Los Angeles, California - Millennials in cities nationwide have flocked to fill downtown apartments over the past decade, but a new University of Southern California study shows the real estate market should brace for a major migration.
Last year marked a major turning point as the country’s urban centers reached “peak” millennial, said study author Dowell Myers, a professor of urban planning and demography at USC Price School of Public Policy.
“After more than a decade of growing concentration, we see that the millennial trend of increased downtown living has peaked out and is now beginning a decline,” said Myers. “This is a dramatic human interest story with great implications for cities and real estate investments.”
It’s also great news for residents annoyed by gentrification, Myers said.
The shift is part of a familiar lifecycle that other generations have gone through. “Millennials are beginning their long expected move up and out of their entry positions in housing and in jobs,” he said.
The study was published last week in the journal Housing Policy Debate. Myers examined population census data, the American Community Survey, the Current Population Survey, building permit data from the U.S. Census Bureau, and employment data from the Bureau of Labor Statistics, as well as surveys by the National Association of Realtors.
Millennials represent the biggest generation yet in the United States, with an estimated 83 million people. Planners and analysts had long assumed that millennials, defined for this study as those born between 1980 and 1999, were living in urban centers because they preferred to do so more than previous generations.
Myers, though, found circumstance, not preference, was the likely driver. He identified three cycles – one demographic, one economic, and one housing-based – that converged in the 2000s to drive millennials into downtowns. Now, all three cycles have reversed their effects.
Clogged drain
He likened the effect on housing to a bathtub with a plumbing problem. Millennials poured through the faucet into young singles neighborhoods – normally a temporary staging ground. But the Great Recession of 2007 to 2009 closed job opportunities and new housing availability, blocking their progress through the normal life cycle, which usually involves climbing the job ladder and moving into better housing.
In effect, the drain was clogged. Millennials could not advance and their level rose. Three cycles had converged.
- The first cycle is simplest: Cities were flooded by this rising inflow of young people coming of age, Myers said. From a low point in 1978, the number of babies born each year climbed 32 percent by 1990.
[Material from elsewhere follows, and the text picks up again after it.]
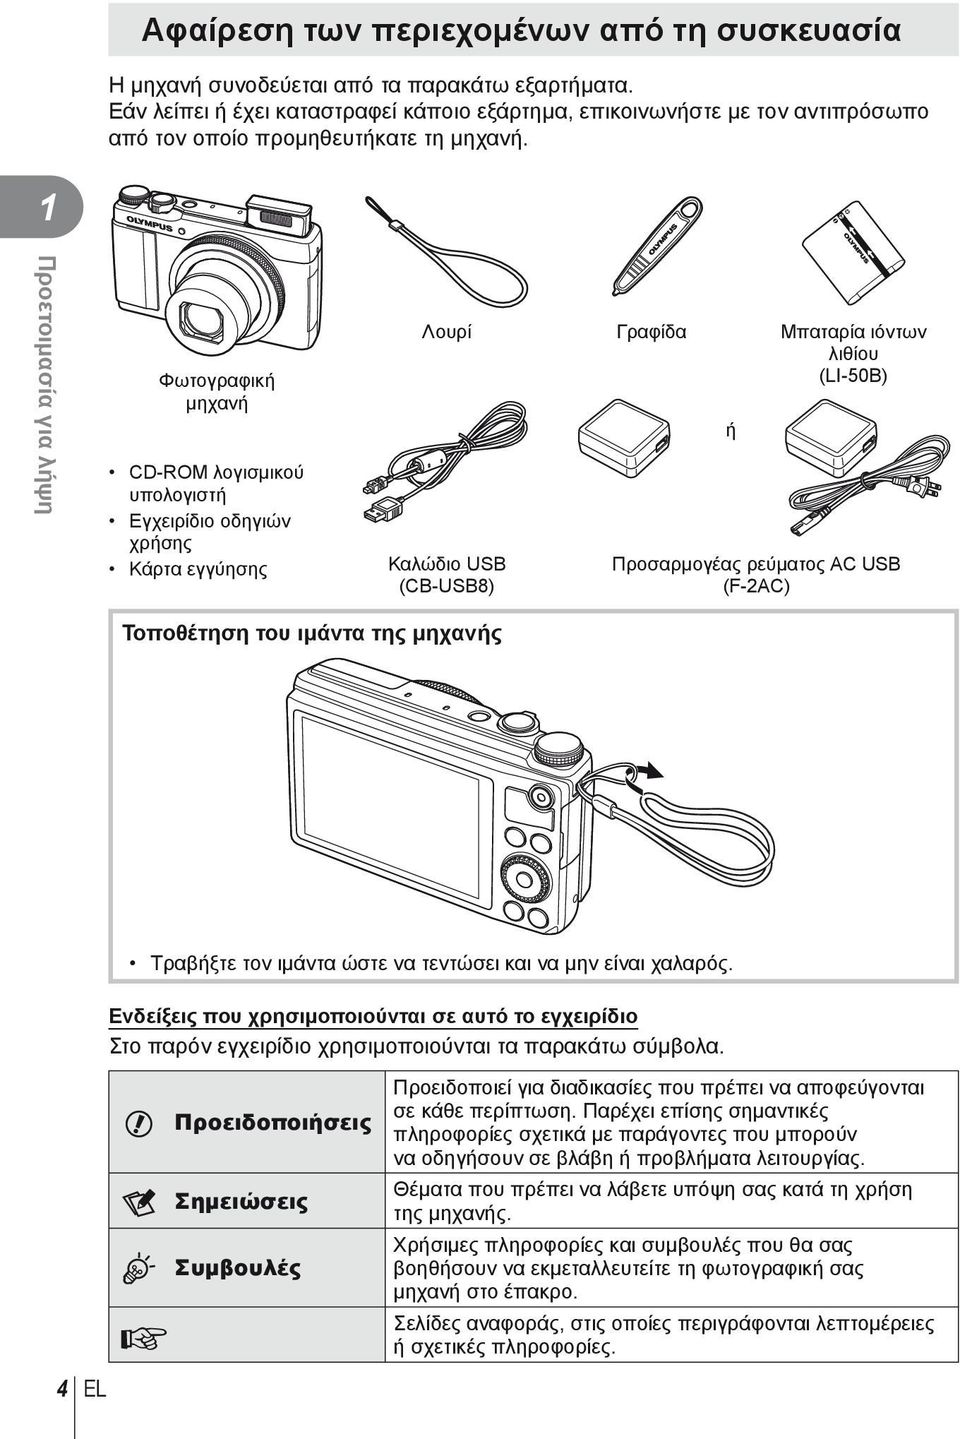 1 Προετοιμασία για λήψη Φωτογραφική μηχανή CD-ROM λογισμικού υπολογιστή Εγχειρίδιο οδηγιών χρήσης Κάρτα εγγύησης Λουρί Γραφίδα Μπαταρία ιόντων λιθίου (LI-50B) Καλώδιο USB (CB-USB8) ή Προσαρμογέας
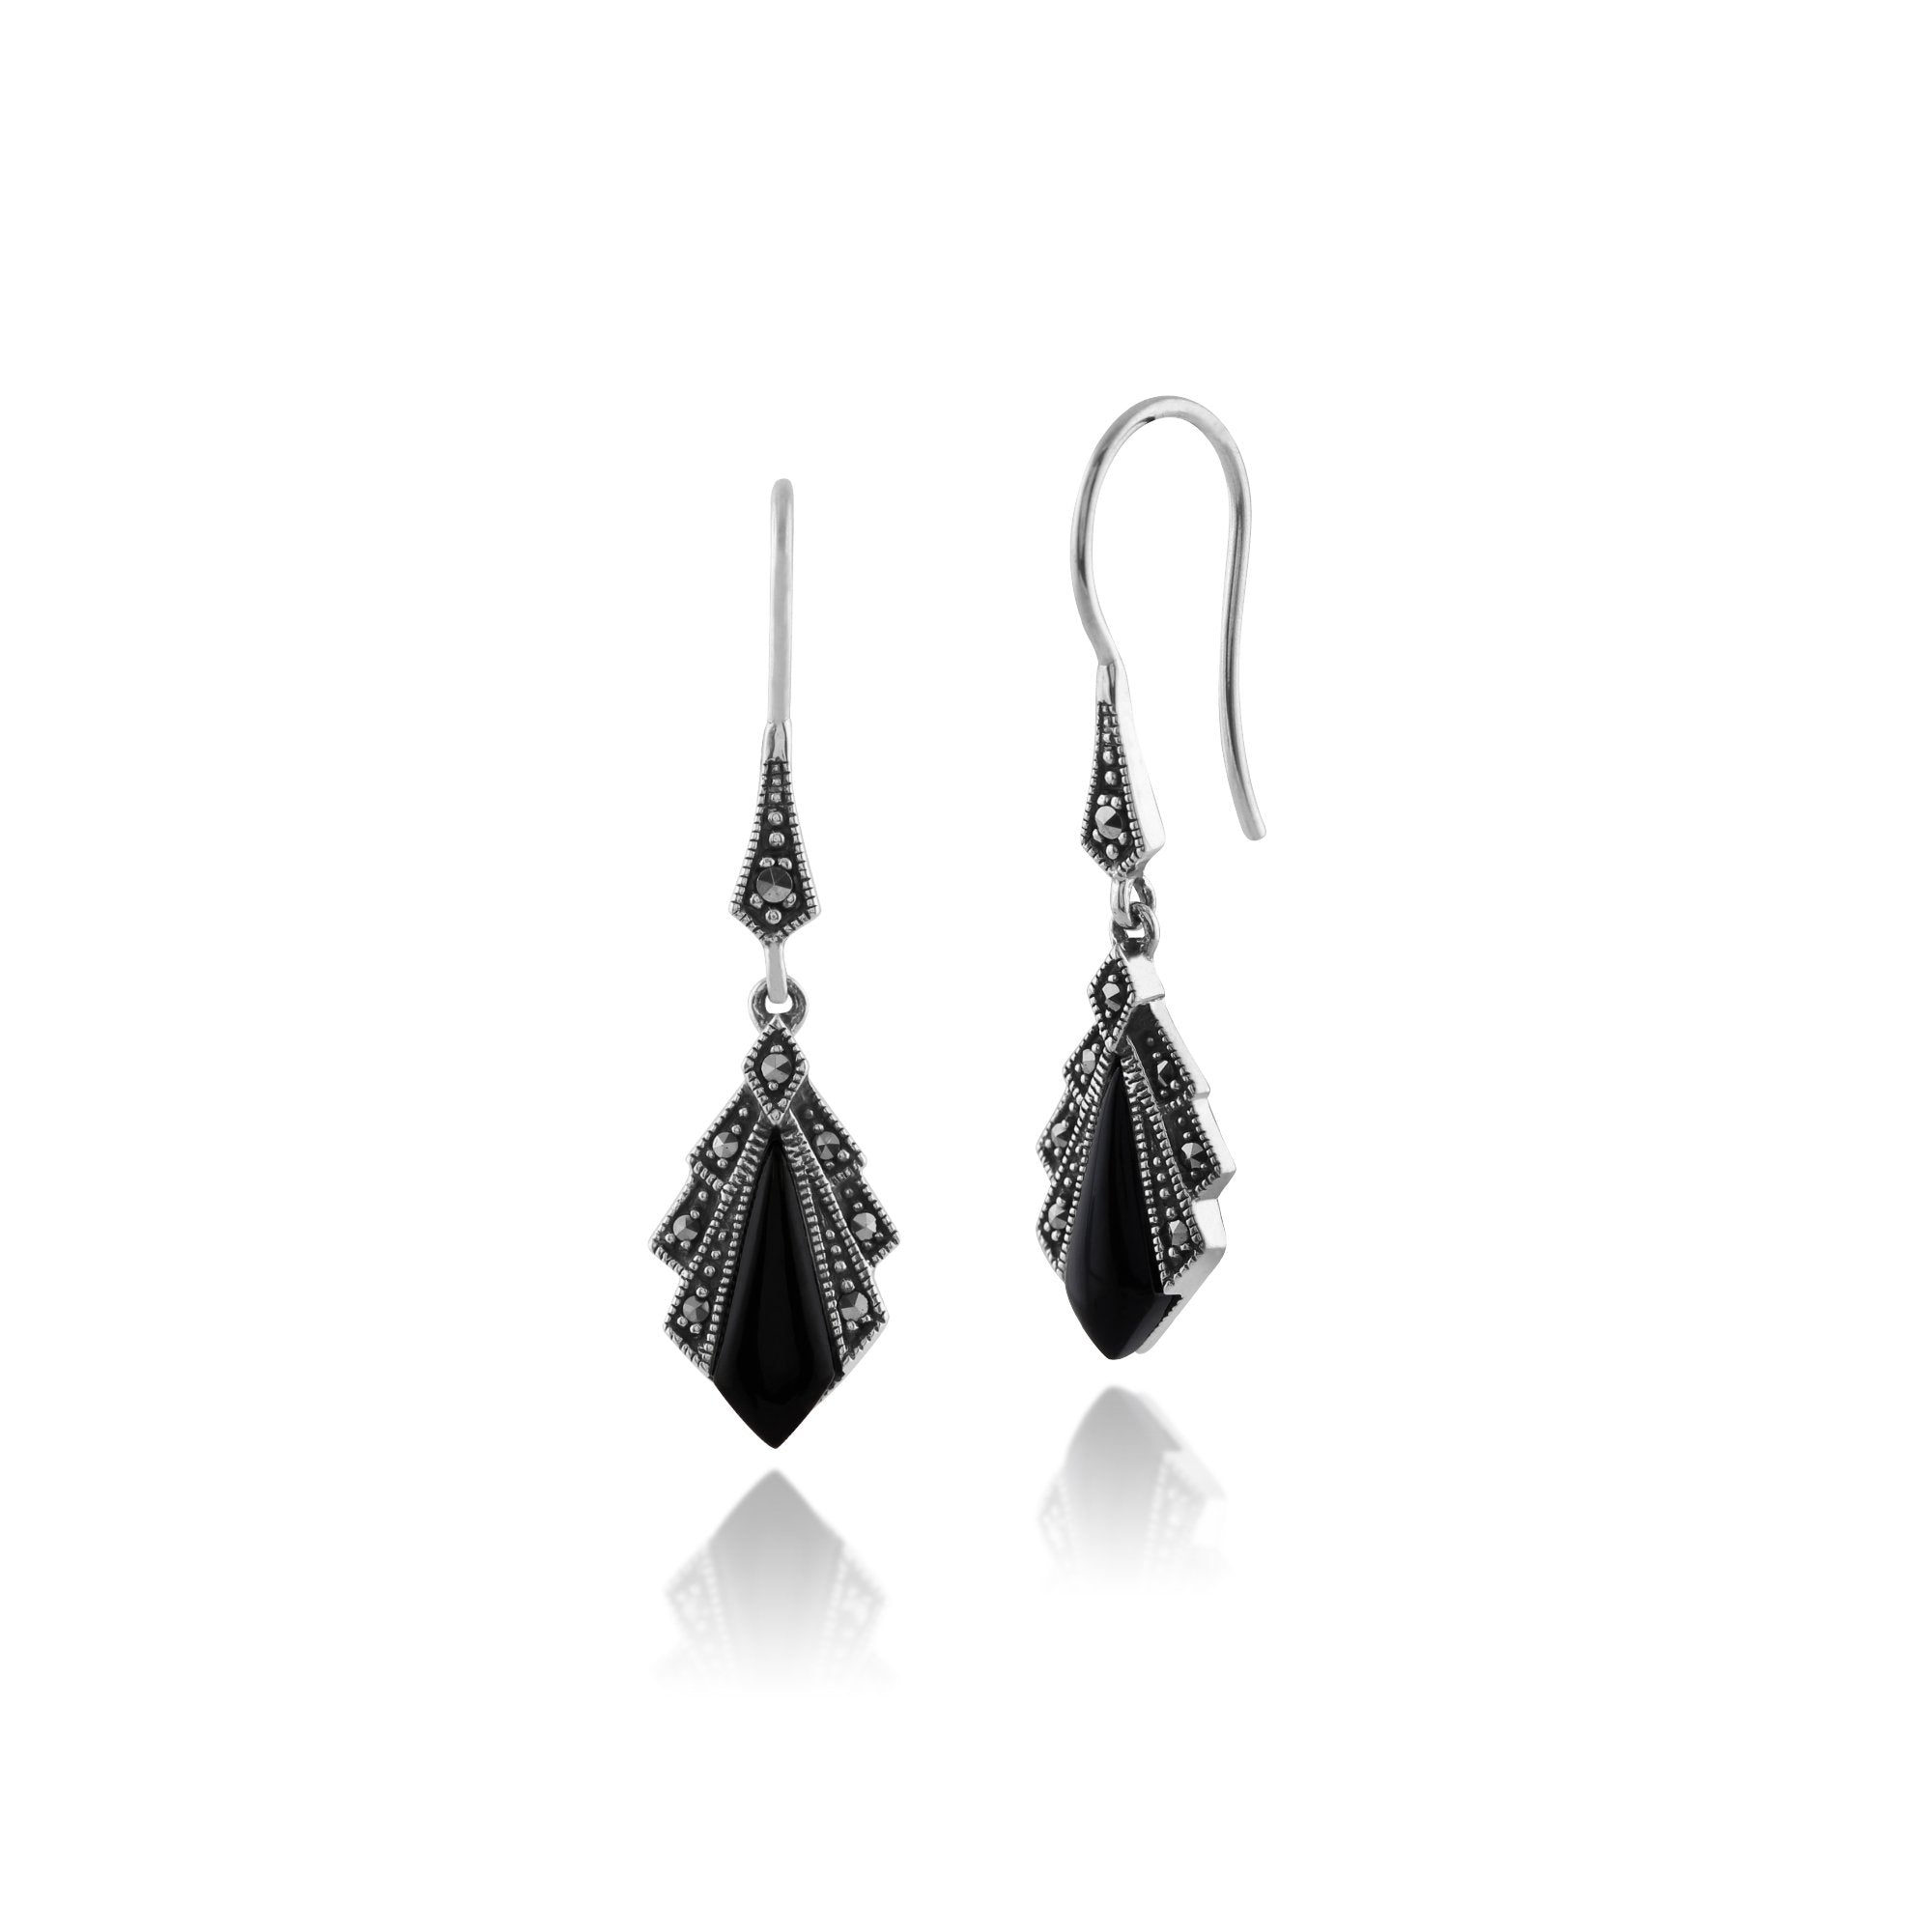 Art Deco Style Diamond Black Onyx & Marcasite Drop Earrings in 925 Sterling Silver

The “peak” millennials born in 1990 turned 25 last year. Smaller cohorts of millennials will arrive at 25 from now on. “The tide has ebbed and fewer replacements will follow those who are moving on,” Myers said.
- Second is the employment cycle: Job growth was depressed during the Great Recession and the very slow recovery. More young people but fewer jobs had devastating effects, blocking the millennials’ entry into the job market. These forces prompted them into the “sharing economy” – living with roommates, or their parents or relatives – in gentrifying areas downtown.
Since then, the job market has loosened, Myers said. The unemployment rate for people aged 25 to 34 eased from 10.4 percent in 2009 to 5.2 percent last year – nearly as low as the pre-recession rate (4.8 percent in 2007).
Now, a smaller number of young people is turning age 25 just as jobs are opening up again. “This is a night-and-day reversal of the previous job competition, and so their economic progress should really start to accelerate,” Myers said.
- The third factor that hindered millennial progress was the housing life cycle. The housing market collapse, plus the Great Recession, flung homeowners into renting and decimated new home construction. This created extreme competition for rentals, which the Gen-Xers also had filled. With new apartment construction and home sales on the rise again, millennials have opportunities to move up.
“The millennials may have seemed frozen in time, but they are not living in a two-bedroom apartment forever,” Myers said. “The restrictions that blocked this housing lifecycle are slowly being removed, but this generation will require even more.”
Cycles reversed
Millennials, as they age, will partner up and will demand more space. Many will have kids, half or more will buy houses, and most – not all – will move to the suburbs.
“The big picture is now clear,” Myers said. “In sharp contrast to the late 2000s, post-2015, all three cycles that once conspired to flood cities with millennials and hold them there will have reversed their effects.”
He projected that the three cycles, in reverse, will draw in smaller cohorts of young people to replace older peers, accelerate job success and career mobility, and open up more housing options – both rentals and homes for purchase.
Housing supply needs to be increased to satisfy this generation that aspires to start their families and gain homeownership, he said. Rental opportunities remain the most severely constrained, with steep increases in monthly rents, until construction catches up, or when far more millennials and Gen-Xers turn over their rentals for first-time home purchases.